Ya, I wrote a CSV export template for my own use in populating the database that drives my spells page. It's pretty straight forward; took me about 5 minutes to make if IIRC. It just doesnt like lists much, but otherwise works fine.



			
				Eosin the Red said:
			
		

> Overall, I like Creator but I don't know that I am gonna upgrade anytime soon.....Maybe I should ask Shrike if he thinks it is worth the upgrade?

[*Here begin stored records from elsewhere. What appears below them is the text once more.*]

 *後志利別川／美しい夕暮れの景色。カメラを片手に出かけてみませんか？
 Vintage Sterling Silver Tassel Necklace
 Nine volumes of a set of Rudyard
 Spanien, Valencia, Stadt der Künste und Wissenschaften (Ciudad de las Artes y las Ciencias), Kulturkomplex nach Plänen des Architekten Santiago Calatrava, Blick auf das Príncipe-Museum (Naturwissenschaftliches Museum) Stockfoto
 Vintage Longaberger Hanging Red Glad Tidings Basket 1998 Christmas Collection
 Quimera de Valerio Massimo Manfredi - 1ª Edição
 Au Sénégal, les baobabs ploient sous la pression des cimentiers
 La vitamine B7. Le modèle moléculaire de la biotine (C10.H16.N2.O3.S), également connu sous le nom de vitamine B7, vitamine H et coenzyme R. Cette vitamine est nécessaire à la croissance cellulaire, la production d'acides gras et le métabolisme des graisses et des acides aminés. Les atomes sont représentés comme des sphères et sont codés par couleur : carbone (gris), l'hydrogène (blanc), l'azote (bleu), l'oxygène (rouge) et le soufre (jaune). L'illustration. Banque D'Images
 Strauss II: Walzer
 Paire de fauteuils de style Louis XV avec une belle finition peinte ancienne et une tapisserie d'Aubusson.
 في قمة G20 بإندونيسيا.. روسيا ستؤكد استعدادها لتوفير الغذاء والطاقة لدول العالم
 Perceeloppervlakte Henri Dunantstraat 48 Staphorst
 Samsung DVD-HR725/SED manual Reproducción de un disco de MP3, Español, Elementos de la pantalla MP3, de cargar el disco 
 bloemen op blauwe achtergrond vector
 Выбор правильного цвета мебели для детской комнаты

Absolutely worth it, 100% and most definitely!


----------



## rjcurrie (Feb 6, 2004)

For anyone who is interested in version 2 of Hero Designer, a free demo of v2.02 is available from the Hero Games website at:

http://www.herogames.com/FreeStuff/HeroDesignerV2/demo/index.jsp

This version contains the v2 documentation and most of v2's features. Some features such as saving or exporting characters or loading existing characters have been disabled. 

Rod Currie


----------



## Sir Whiskers (Feb 6, 2004)

KS, Eosin, RJC: Thanks for posting your viewpoints. Part of the reason I started this thread (besides wanting to vent a bit) was to see if my perceptions matched others. 

A few comments:

1. I already guessed that Dan is the somewhat stereotypical techie, who can do wonders with software, but could use a visit to a charm school.    This should not be taken as a knock on the guy: *everyone* has strong and weak points, and programmers are usually hired for their programming skills, not people skills (project leaders are a different kettle of fish, of course). That said, I found his posts on the boards many times to be very off-putting, not at all what I've come to expect from Hero Games in general.

2. I based my comment on version 2 from what I read on the boards. I freely admit I may not have read a full list of new features, especially since KS mentioned that features are changing on a regular basis. 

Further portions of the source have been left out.